» **Data segment**
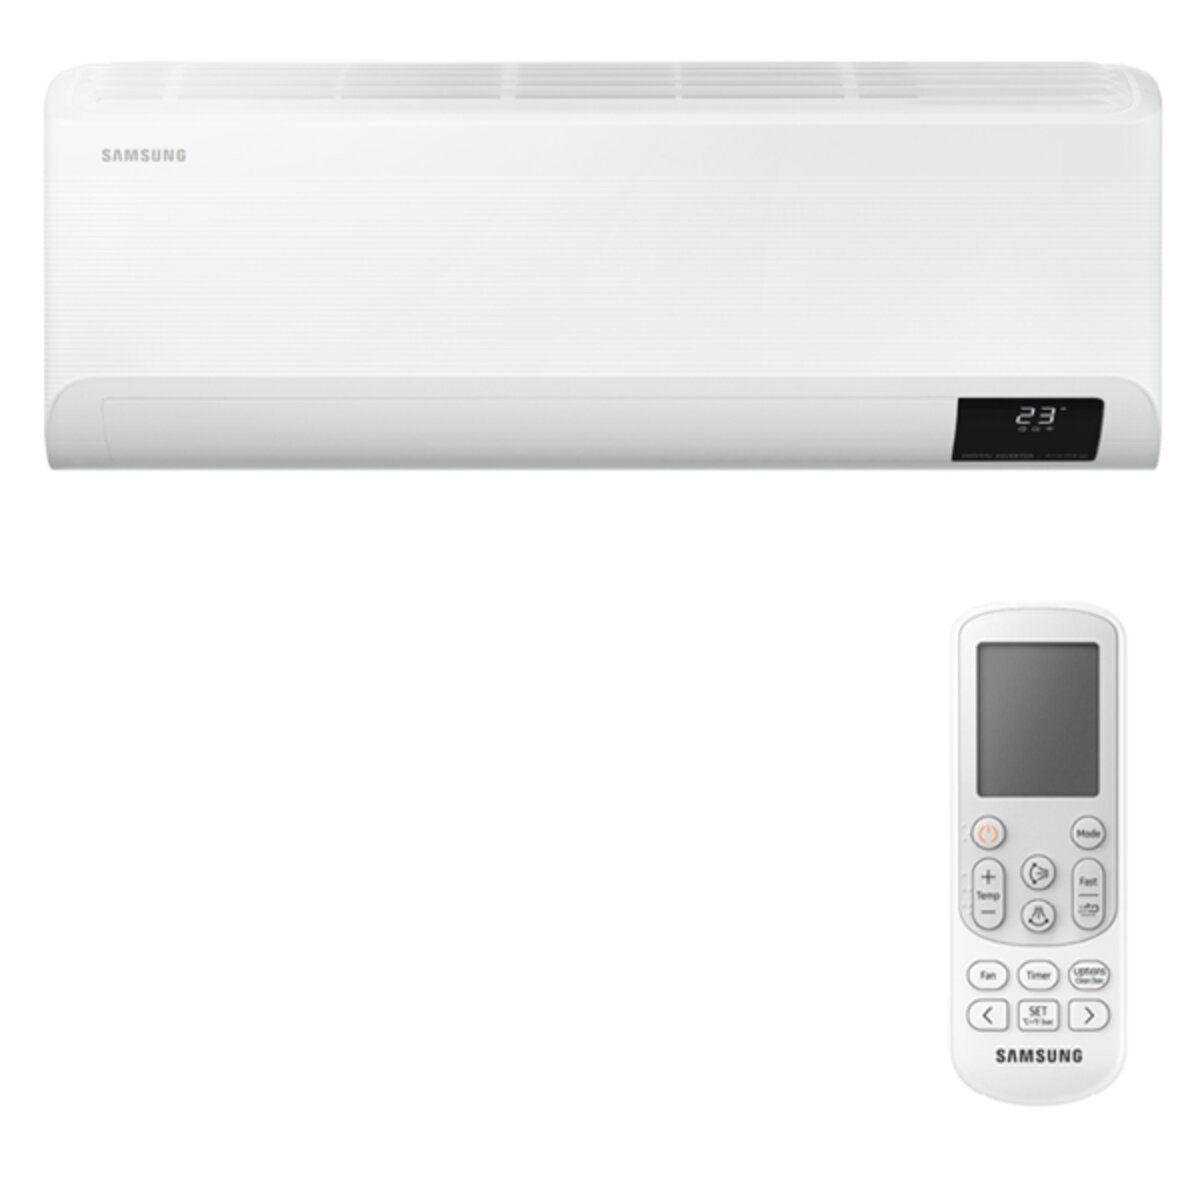 Samsung Cebu WLAN Klimaanlage Penta Split 7000 + 7000 + 7000 + 9000 + 12000 BTU Wechselrichter A++ WLAN Außengerät 10,0 kW
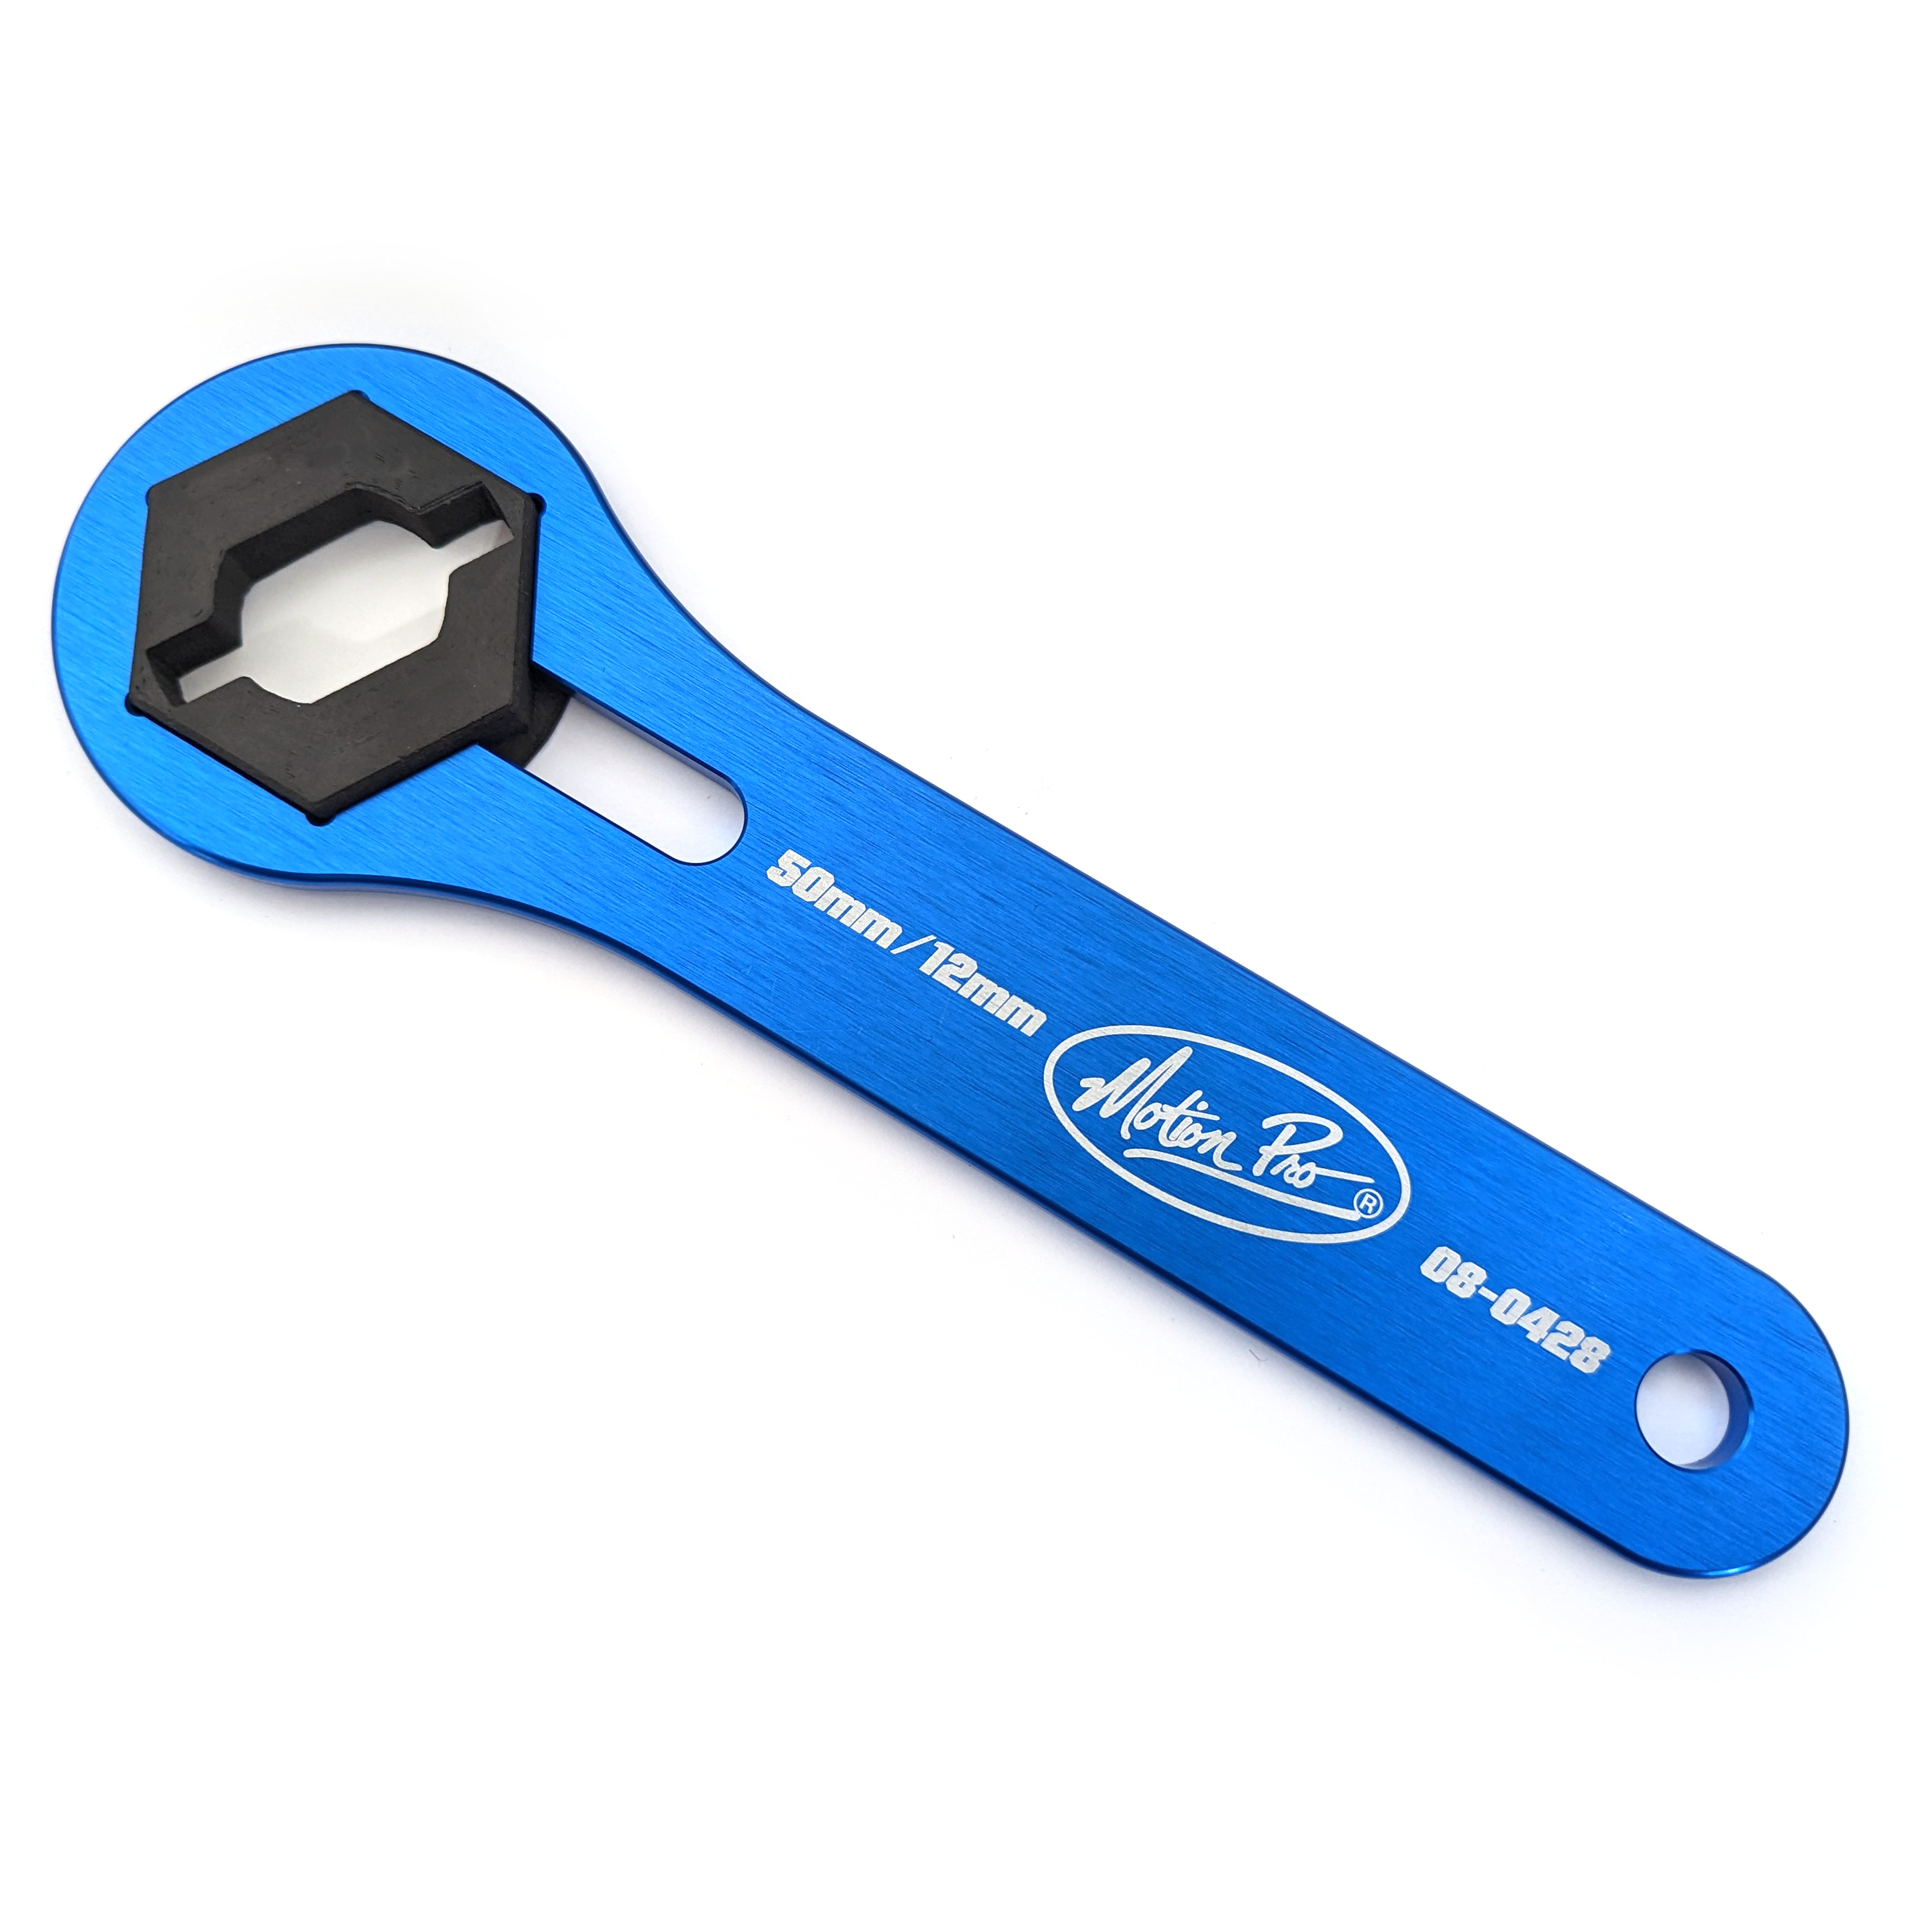 08-0428 50mm Fork Cap Wrench w/ Preload Adjuster Insert For WP Xplor Forks - Click Image to Close
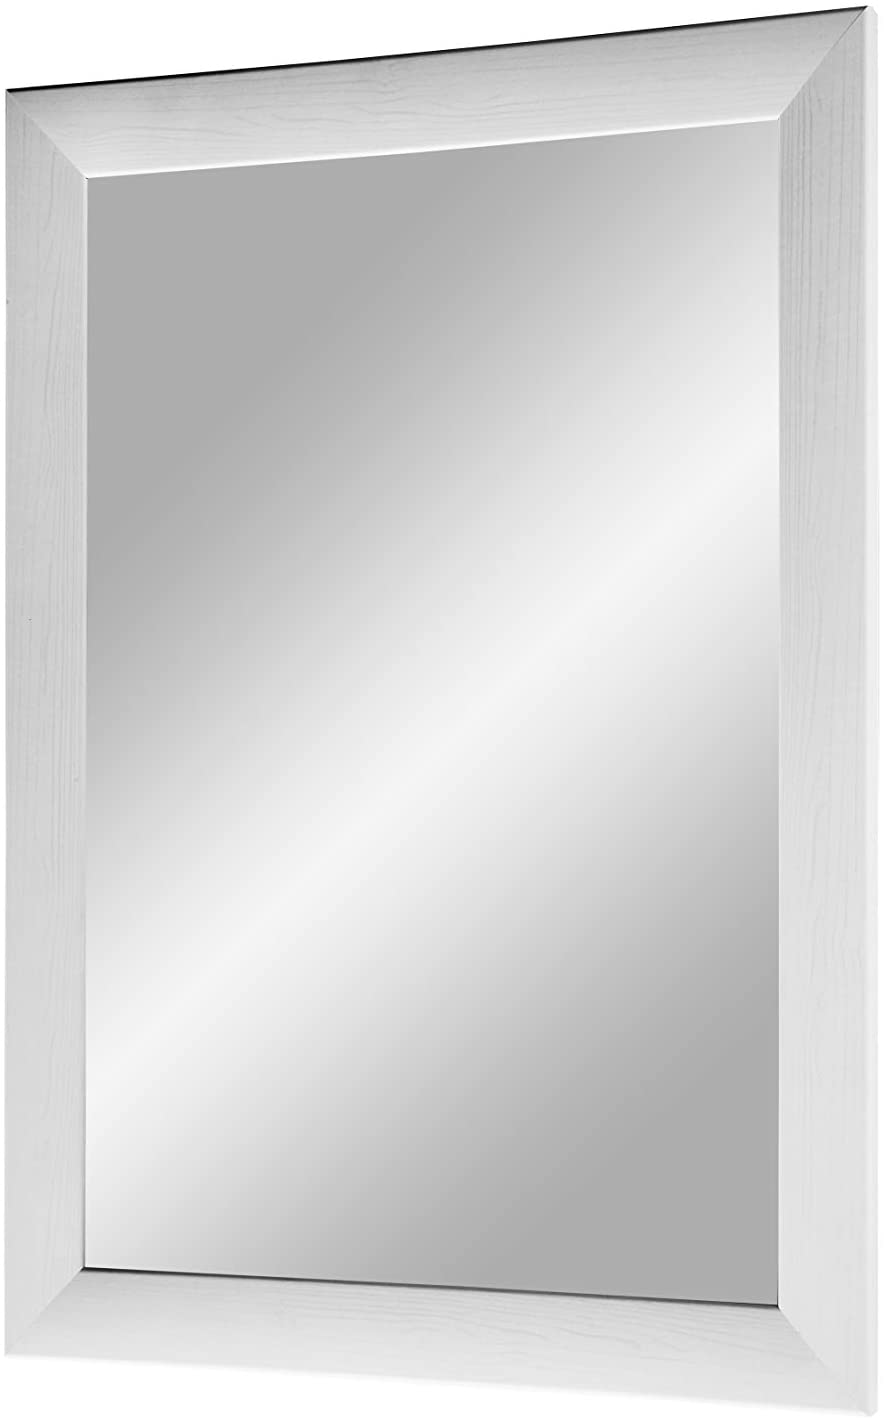 EXCLUSIV Wandspiegel nach Maß (Kiefer-Weiß), Maßgefertigter Spiegelrahmen inkl. Spiegel und stabiler Rückwand mit Aufhängern

» **The problem**
Reproduce the full listing faithfully, but do not carry over any pictures.

» **Written response**
 Samsung Cebu WLAN Klimaanlage Penta Split 7000 + 7000 + 7000 + 9000 + 12000 BTU Wechselrichter A++ WLAN Außengerät 10,0 kW
 08-0428 50mm Fork Cap Wrench w/ Preload Adjuster Insert For WP Xplor Forks - Click Image to Close
 EXCLUSIV Wandspiegel nach Maß (Kiefer-Weiß), Maßgefertigter Spiegelrahmen inkl. Spiegel und stabiler Rückwand mit Aufhängern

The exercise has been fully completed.